To help you keep abreast of relevant activities, below find a breakdown of some of the biggest events at the federal and state levels to impact the Consumer Finance Services industry this past week:
- On August 7, the U.S. Senate passed the Inflation Reduction Act, which is supported by the U.S. Department of the Treasury. The Inflation Reduction Act incorporates tax policy that will collect more from top earners and large corporations. Taxes due or paid will not increase for any family making less than $400,000 a year. For more information, click here.
- On August 4, Consumer Financial Protection Bureau (CFPB) Director Rohit Chopra spoke at the Philadelphia Federal Reserve Bank’s Sixth Annual Fintech Conference, arguing that enforcement actions, rather than financial literacy efforts, were necessary to prevent consumer abuse. Chopra said that while there is value in educating consumers to spot risks and find trustworthy advice, financial products are inherently challenging to understand. “Disclosures are not going to be what’s fixing it,” Chopra said. “What is often going to fix it is to eradicate unlawful actors who really prey on people.” For more information, click here.
- On August 4, the Federal Trade Commission announced that it will send payments totaling more than $1 million to 1,966 consumers harmed by a phantom debt collection scheme that conned consumers into paying debts they did not owe. Consumers will recover all the money they lost to the scammers, averaging $516 for each payment. For more information, click here.
- On August 3, U.S. Senators Debbie Stabenow (D-MI), John Boozman (R-AR), Cory Booker (D-NJ), and John Thune (R-SD) introduced the Digital Commodities Consumer Protection Act of 2022 to give the Commodity Futures Trading Commission (CFTC) new tools and authorities to regulate digital commodities. The bill would give the CFTC direct oversight over cryptocurrencies that qualify as “digital commodities,” which would include bitcoin and ether. For more information, click here.
- On August 3, U.S. Senators Rob Portman (R-OH), Pat Toomey (R-PA), Mark Warner (D-VA), Cynthia Lummis (R-WY), and Kyrsten Sinema (D-AZ) introduced legislation to clarify the digital asset reporting requirements signed into law as part of last year’s Infrastructure Investment and Jobs Act. In August 2021, the senators announced an agreement with the Treasury Department on an infrastructure package amendment that would have clarified the definition of “broker” as to who must report to the government information about a digital asset transaction. The amendment specifically excluded from reporting requirements services like mining and wallet providers who do not take custody of other individuals’ cryptocurrency, nor are able to comply with the reporting requirements of a broker. The Senate never received the opportunity to vote on and pass this amendment last August due to a procedural hurdle. The legislation introduced is the exact same text introduced as a bipartisan amendment nearly one year ago. For more information, click here.

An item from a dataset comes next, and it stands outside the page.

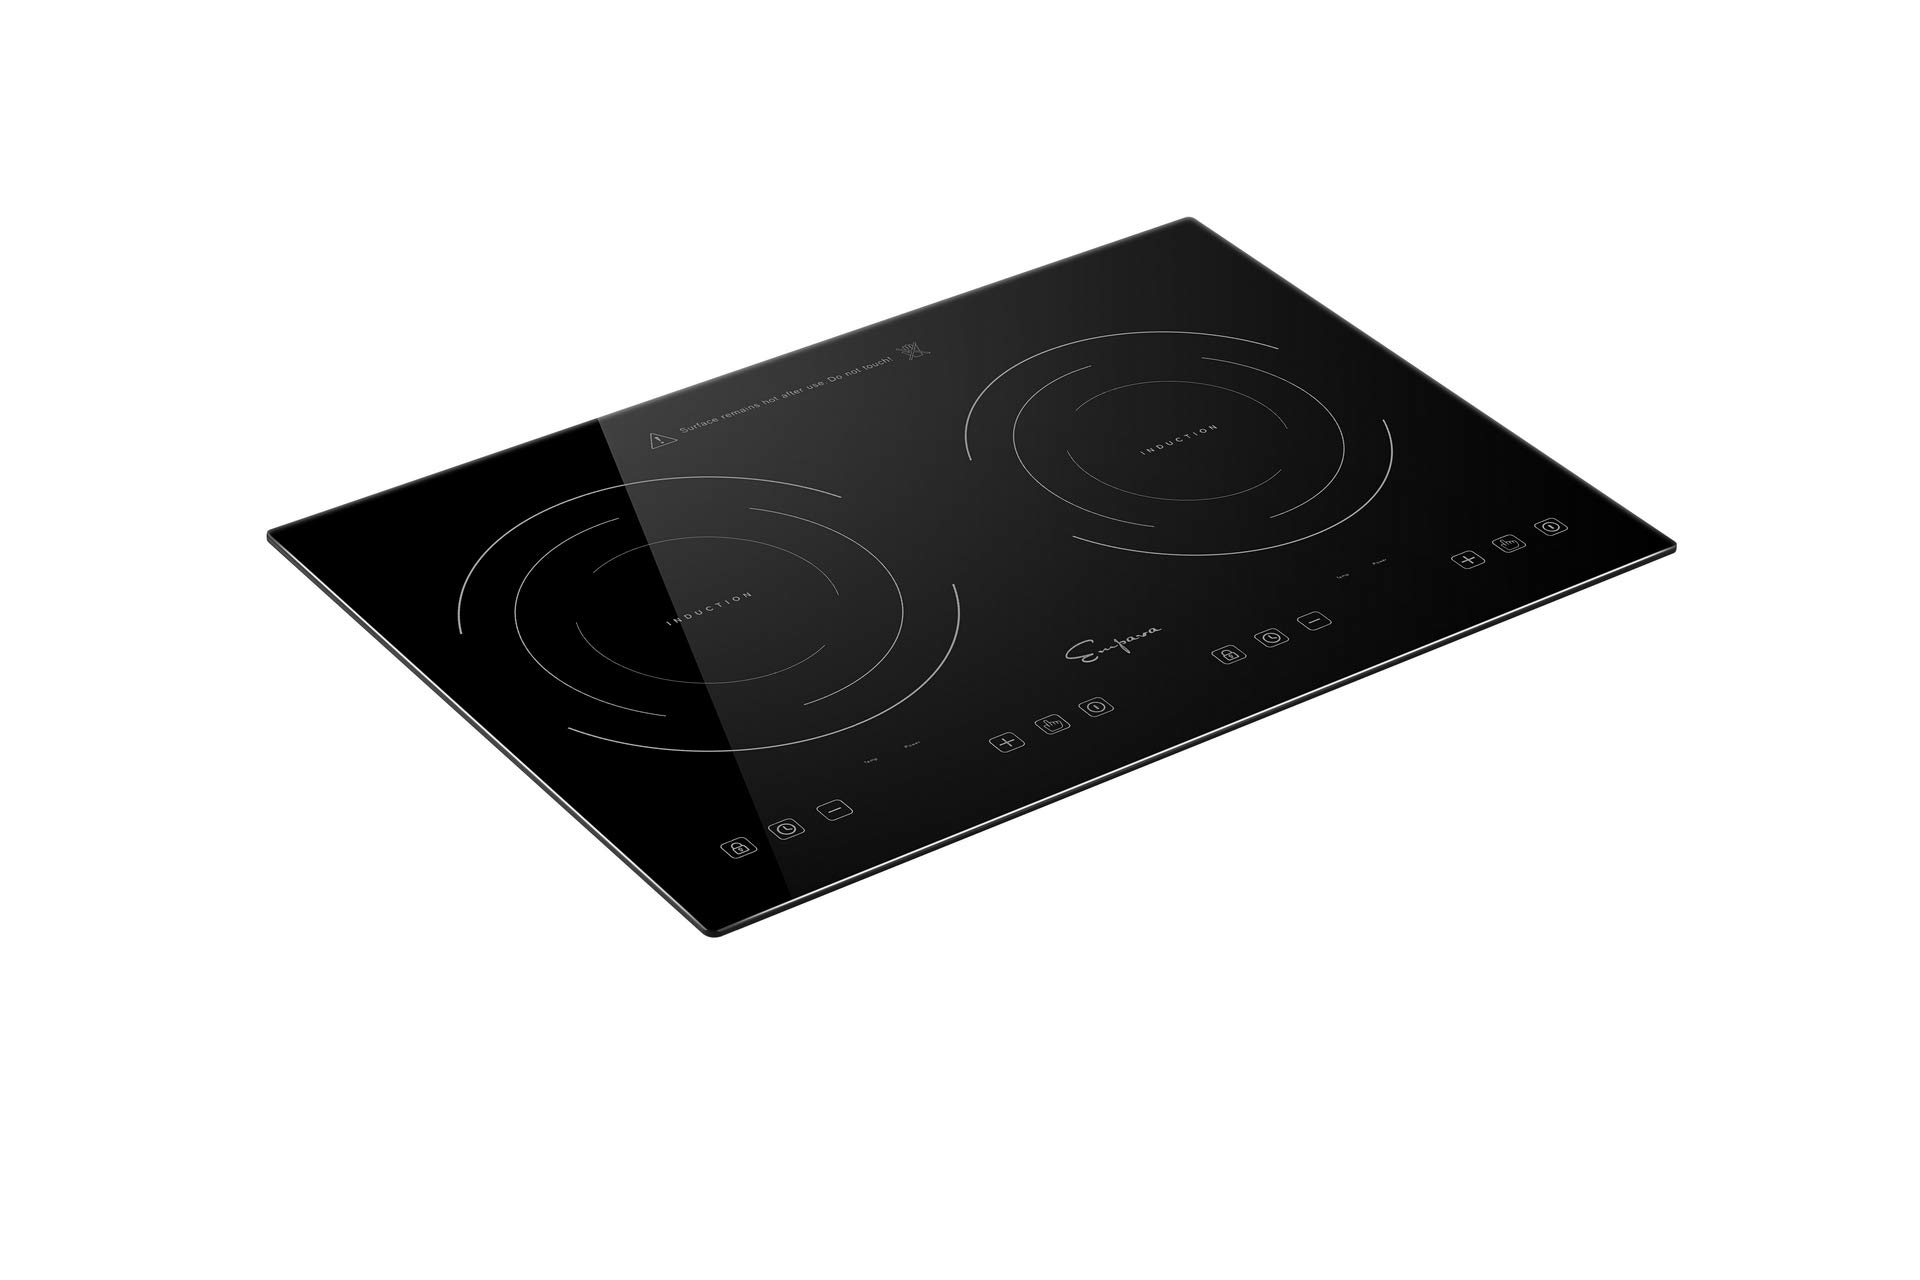 Empava IDC12B2 Horizontal Electric Stove Induction Cooktop with 2 Burners in Black Vitro Ceramic Smooth Surface Glass 120V, 12 Inch

- On August 2, the American Bankers Association, Consumer Bankers Association, Credit Union National Association, Housing Policy Council, Independent Community Bankers of America, National Association of Federally-Insured Credit Unions, National Bankers Association, and The Clearing House Association petitioned the CFPB to extend its supervision to “data aggregators.” For more information, click here.
- On July 29, the Bank Policy Institute and the American Bar Association issued a letter to Congress to oppose language, creating a designation for “systemically important entities,” added to the House bill as Floor Amendment 554. The letter stated that: “Financial institutions are supportive of efforts to improve the identification and risk assessment of critical infrastructure but believe the provision, as written, would duplicate existing designations without addressing gaps in government efforts to help protect private critical infrastructure from national security threats.” For more information, click here.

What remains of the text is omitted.